Vienna
2025
curated by Angela Zach-Buchmayer

For several years, Elena Kristofor has been engaging in her artistic work with the cultural coding of “nature”. At the core of Elena Kristofor’s artistic practice lies a reflection on nature as a cultural imaginary – a historically evolved construct that presents nature as primordial and untouched, while at the same time concealing its own constructedness.
Invited by Nomad Spirit, Kristofor spent four weeks in the Gobi region, about 288 kilometers south of Ulaanbaatar. Her residency was part of a program using artistic strategies to draw attention to ecological change in Mongolia. Although Mongolia is one of the most sparsely populated countries in the world, the effects of climate change are strikingly evident: the average temperature has already surpassed the two-degree threshold set by the Paris Agreement. Droughts, fierce winds, and extreme cold spells increasingly destabilize ecological balance.
Together with her colleagues from Nomad Spirit, Kristofor explored the unique steppe landscape of Mongolia and was invited to translate her impressions into a site-specific artistic intervention. The vast expanses – defined by open, treeless horizons and gently rolling hills – are among the last remaining large-scale grasslands on earth, and formed the atmospheric foundation for her work on site. From this intense engagement emerged two new series, presented for the first time in Vienna in the exhibition Steppe Scape.

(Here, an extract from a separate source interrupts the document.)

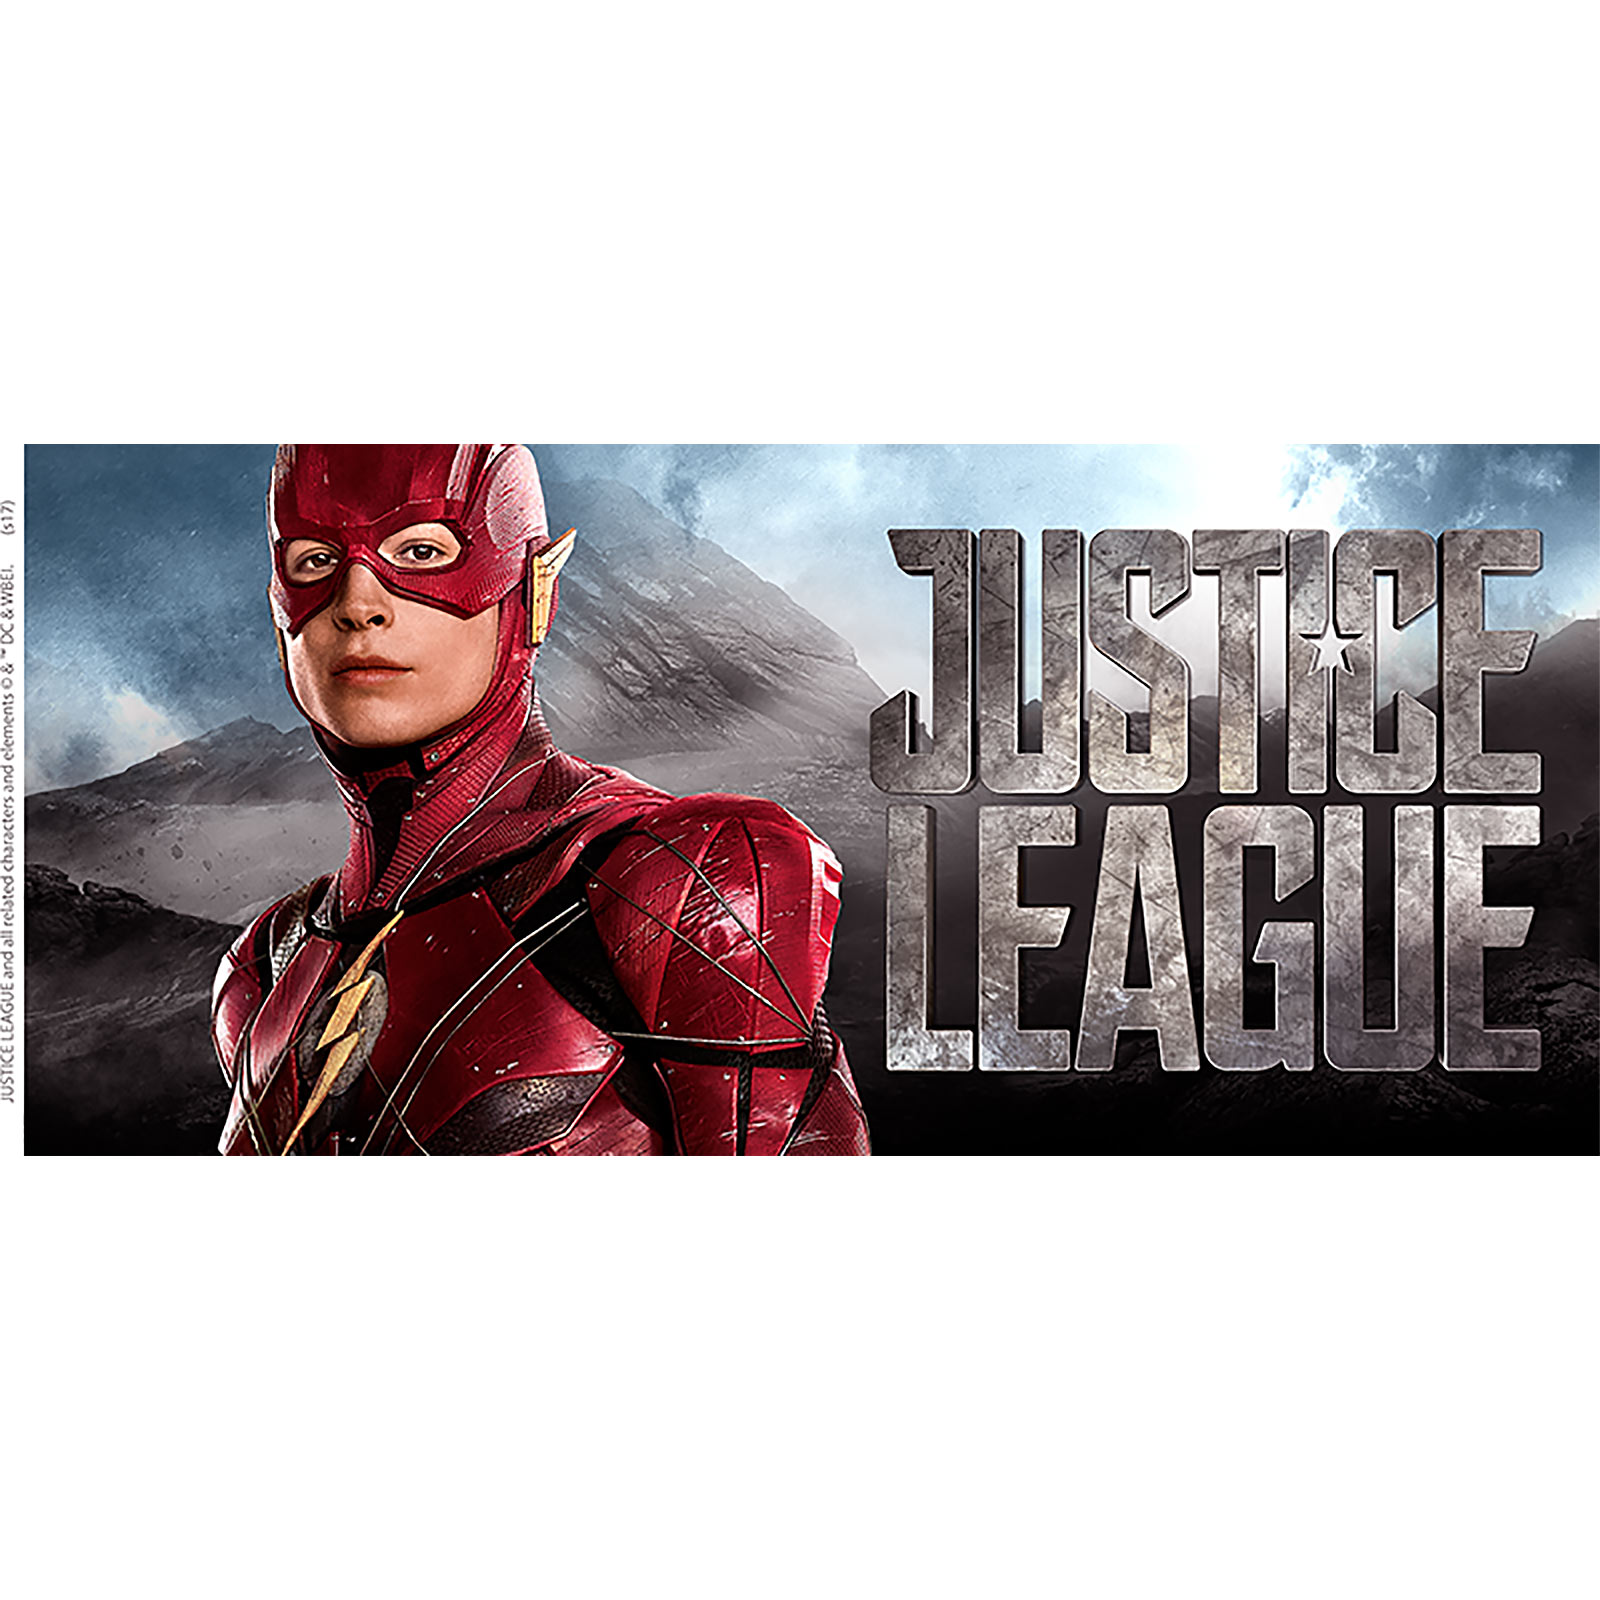 Flash Mug - Justice League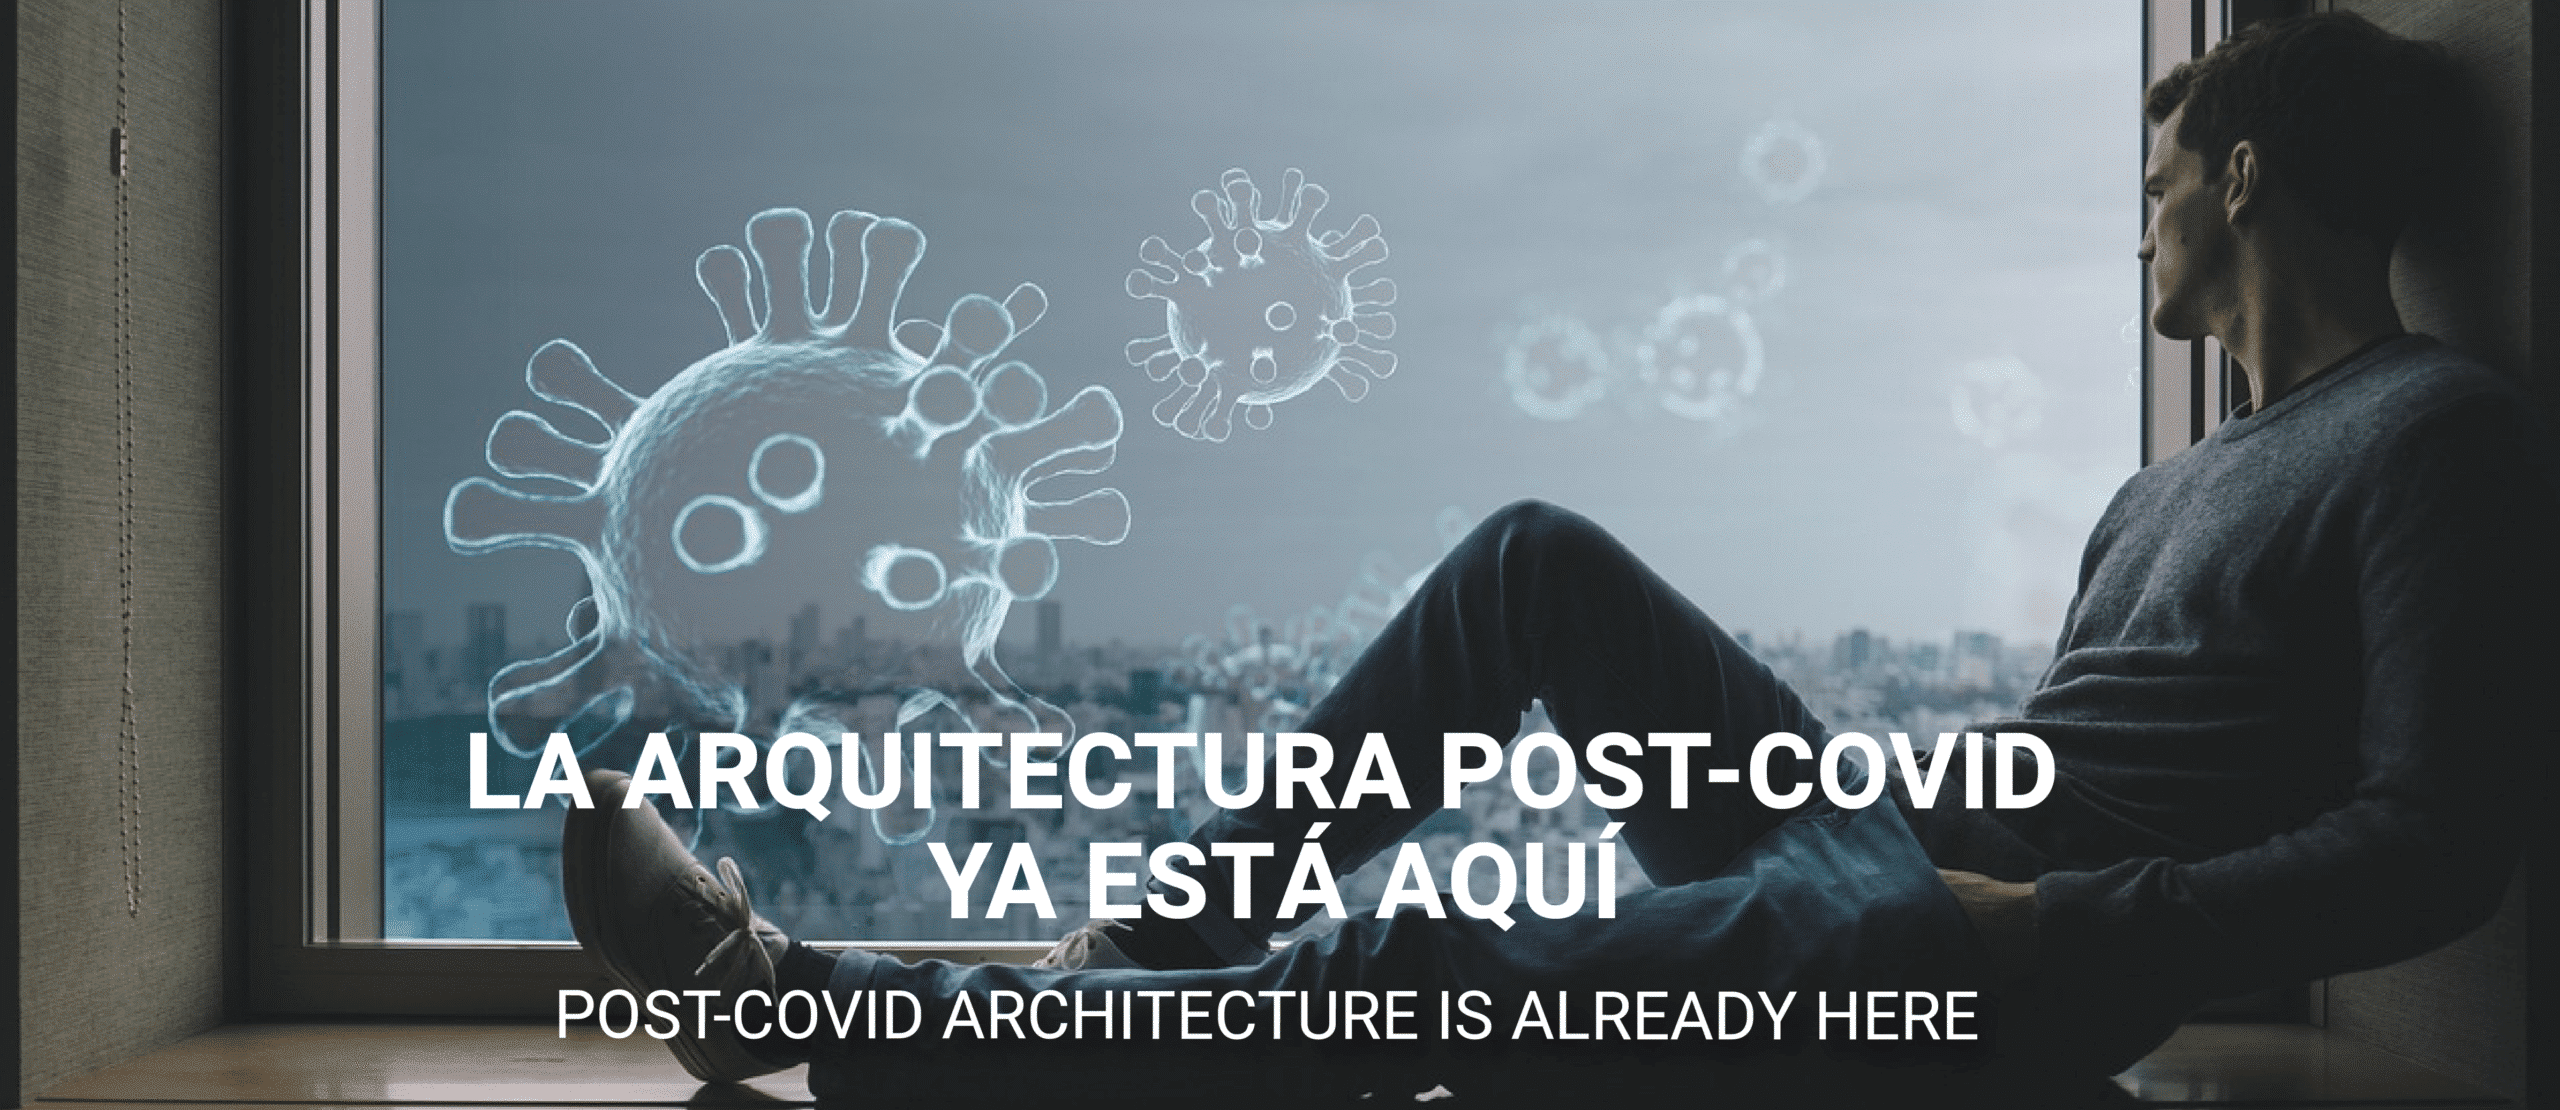  Post-COVID architecture

Kristofor’s color photographs extend the inquiry begun in her series Anomalie im Raum (Anomaly in Space), which deliberately unsettles the conventions of classical landscape photography. By working with mirrors, she subverts central perspective as the dominant ordering system, thereby dismantling familiar notions of spatial coherence. Mirroring functions here as a conceptual strategy of spatial formation: space is folded, fractured, displaced. Drawing on her own vocabulary, Kristofor refers to this as a “folding of space.” The result is a set of surreal, visually ambivalent landscapes in which nature no longer appears as a static backdrop but as a mutable, self-reflexive pictorial field.
The black-and-white series Dance or Struggle with Nature reflects on the fragile balance between human beings and the natural world. Through sculptural gestures, the human body merges with the landscape – shaping it and at the same time being shaped by it. In Mongolia, a symbiotic relationship between people, animals, and environment has existed for centuries; yet this balance is under increasing strain. Nomadic livestock herding continues to expand, while fertile grazing lands are vanishing at alarming speed as a result of climate change. Traditional lifeways collide with economic interests – a development that raises fundamental questions about the endurance of this relationship.
Steppe Scape invites viewers on a visual journey through a landscape that is at once awe-inspiring and endangered. Kristofor’s works unfold a strong visual presence while sketching a dystopian outlook on a possible future – questioning, through the lens of photography, the images and assumptions that shape our relationship with nature.
The exhibition is part of the Foto Wien Festival, curated by Angela Zach-Buchmayer.
As part of the exhibition, an artist talk featuring Elena Kristofor and Verena Kaspar-Eisert, moderated by Angela Zach-Buchmayer, took place. Under the theme “Dynamic Future” of this year’s Foto Wien Festival, the talk, titled “Two Degrees Plus”, addressed one of the most pressing and unpredictable issues of our time: climate change.